Returns: CUDPPResult indicating success or error condition

See also: cudppPlan, CUDPPConfiguration, CUDPPAlgorithm

CUDPP_DLL CUDPPResult cudppBurrowsWheelerTransform	(	CUDPPHandle	planHandle,
		unsigned char *	d_in,
		unsigned char *	d_out,
		int *	d_index,
		size_t	numElements
	)

Performs the Burrows-Wheeler Transform.

Performs a parallel Burrows-Wheeler transform on 1,048,576 elements. The BWT leverages a string-sort algorithm based on merge-sort.

Currently, the BWT can only be performed on 1,048,576 (uchar) elements.
The transformed string is written to d_x.
The BWT index (used during the reverse-BWT) is recorded as an int in d_index.

Parameters

[in]	planHandle	Handle to plan for BWT
[out]	d_in	BWT Index
[out]	d_out	Output data
[in]	d_index	Input data
[in]	numElements	Number of elements

Returns: CUDPPResult indicating success or error condition

See also: cudppPlan, CUDPPConfiguration, CUDPPAlgorithm

CUDPP_DLL CUDPPResult cudppMoveToFrontTransform	(	CUDPPHandle	planHandle,
		unsigned char *	d_in,
		unsigned char *	d_out,
		size_t	numElements
	)

Performs the Move-to-Front Transform.

Performs a parallel move-to-front transform on 1,048,576 elements. The MTF uses a scan-based algorithm to parallelize the computation. The MTF uses a scan-based algorithm described in our paper "Parallel Lossless Data Compression on the GPU". (See the References bibliography).

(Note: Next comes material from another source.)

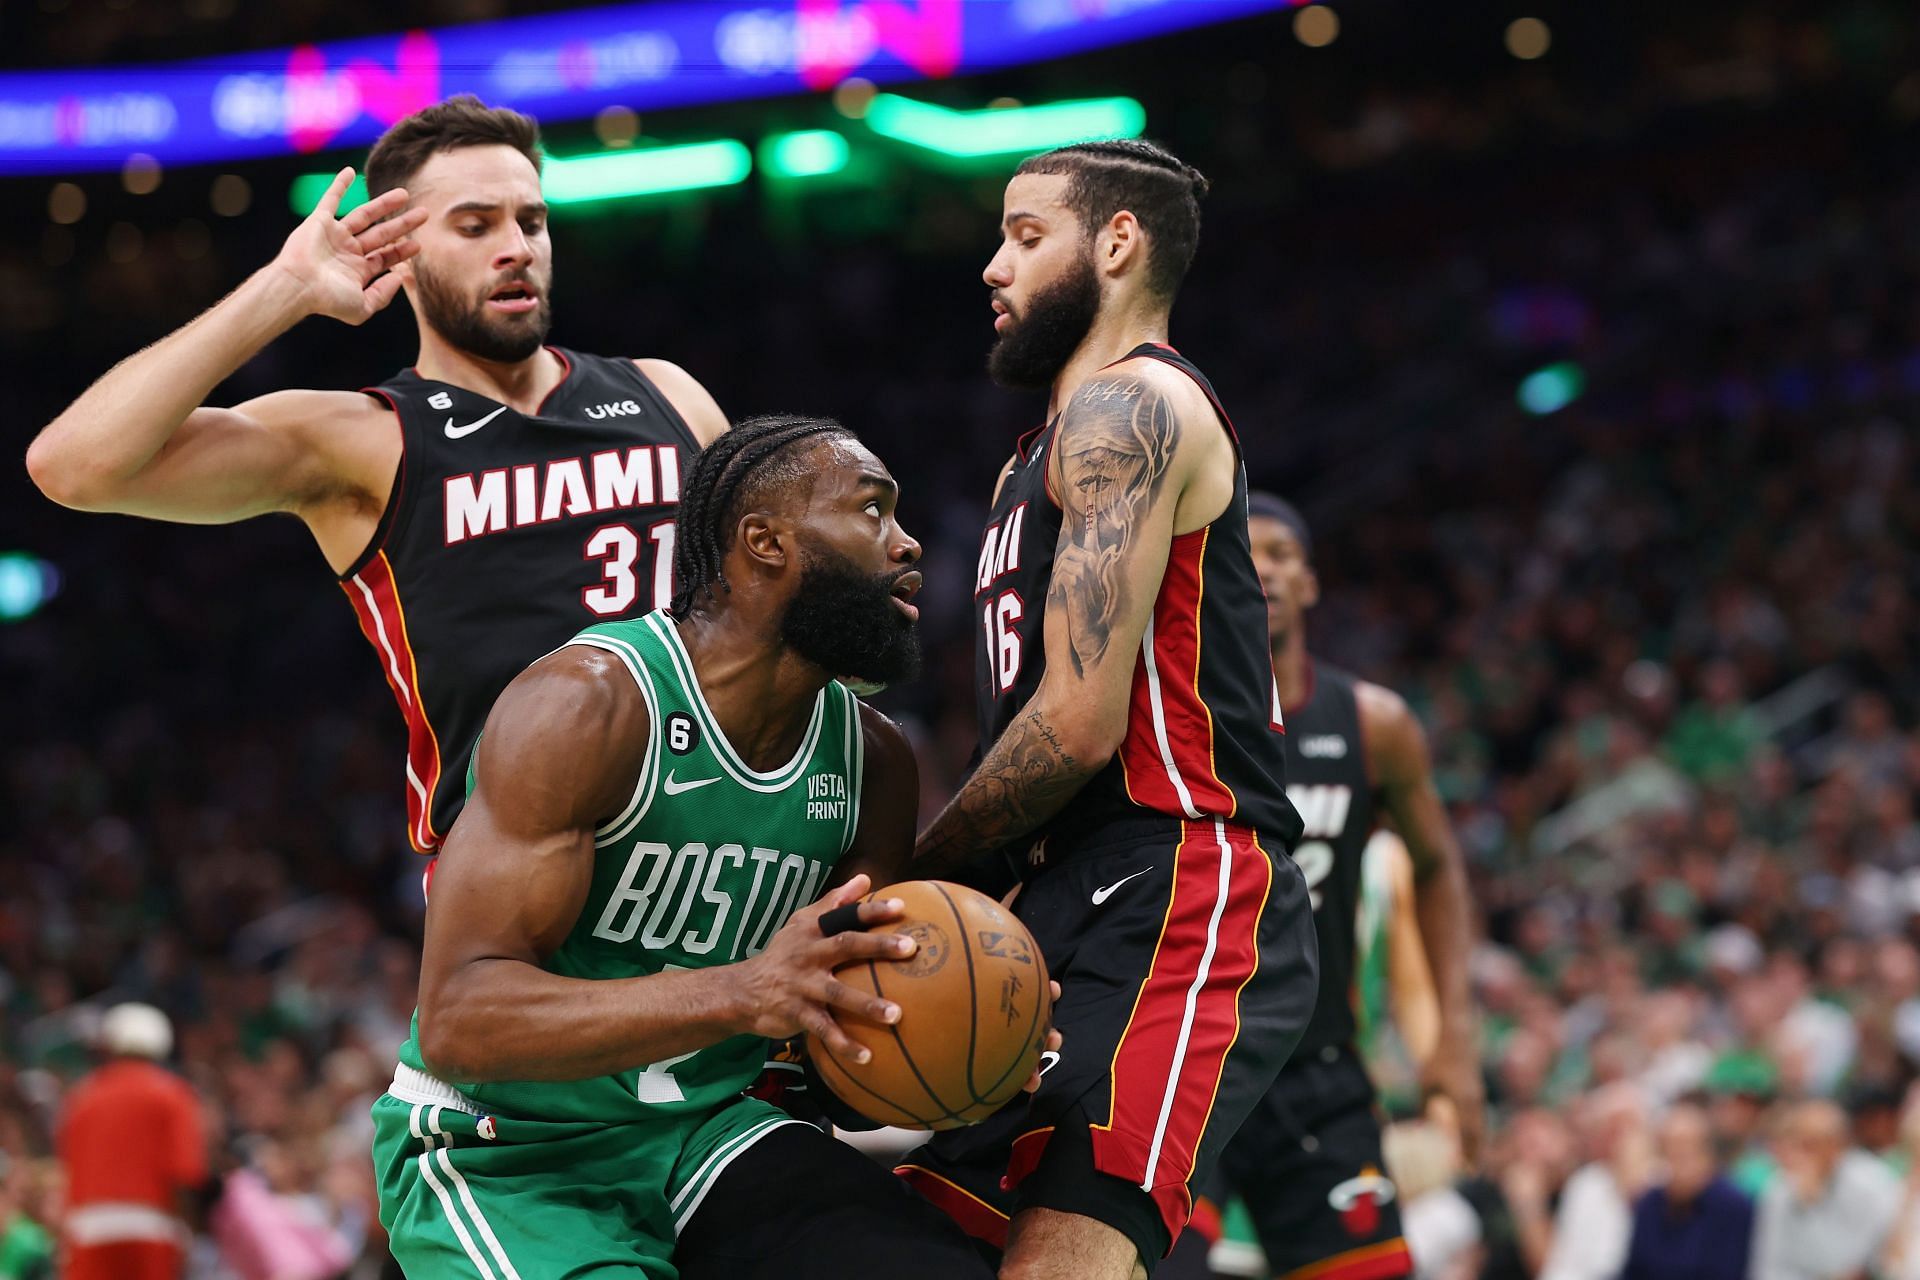 Celtics' Jaylen Brown has Renaissance Man touch

Currently, the MTF can only be performed on 1,048,576 (uchar) elements.
The transformed string is written to d_mtfOut.

Parameters

[in]	planHandle	Handle to plan for MTF
[out]	d_out	Output data
[in]	d_in	Input data
[in]	numElements	Number of elements

Returns: CUDPPResult indicating success or error condition

See also: cudppPlan, CUDPPConfiguration, CUDPPAlgorithm

CUDPP_DLL CUDPPResult cudppListRank	(	CUDPPHandle	planHandle,
		void *	d_ranked_values,
		void *	d_unranked_values,
		void *	d_next_indices,
		size_t	head,
		size_t	numElements
	)

Performs list ranking of linked list node values.

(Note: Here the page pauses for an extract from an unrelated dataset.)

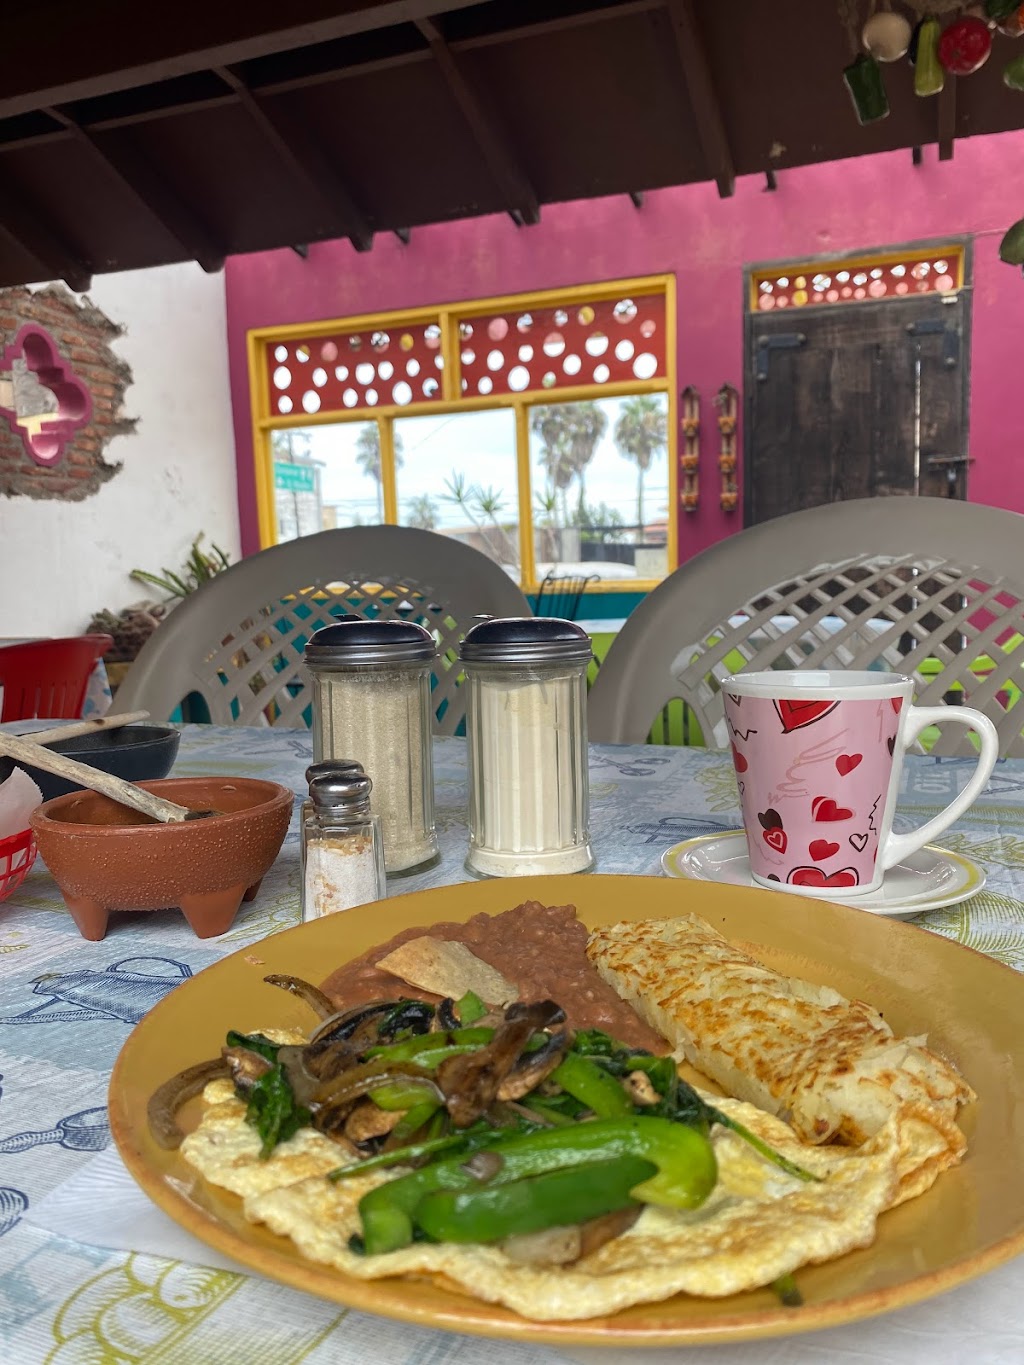 La Fuente Restaurant | Popotla 841, Villas de Rosarito, Campo Alfonso, 22713 Rosarito, B.C., Mexico | Phone: 661 121 2039

Performs parallel list ranking on values of a linked-list using a pointer-jumping algorithm.

Takes as input an array of values in GPU memory (d_unranked_values) and an equal-sized int array in GPU memory (d_next_indices) that represents the next indices of the linked list. The index of the head node (head) is given as an unsigned int. The output (d_ranked_values) is an equal-sized array, in GPU memory, that has the values ranked in-order.

Example:

 d_a     = [  f a c d b e  ]
 d_b     = [ -1 4 3 5 2 0  ]
 head    = 1
 d_x     = [ a b c d e f ]

Parameters

[in]	planHandle	Handle to plan for list ranking
[out]	d_ranked_values	Output ranked values
[in]	d_unranked_values	Input unranked values
[in]	d_next_indices	Input next indices
[in]	head	Input head node index
[in]	numElements	number of nodes

Returns: CUDPPResult indicating success or error condition

See also: cudppPlan, CUDPPConfiguration, CUDPPAlgorithm

CUDPP_DLL CUDPPResult cudppSuffixArray	(	CUDPPHandle	planHandle,
		unsigned char *	d_in,
		unsigned int *	d_out,
		size_t	numElements
	)

Performs the Suffix Array.

Performs a parallel suffix array using linear-time recursive skew algorithm. The SA leverages a suffix-sort algorithm based on divide and conquer.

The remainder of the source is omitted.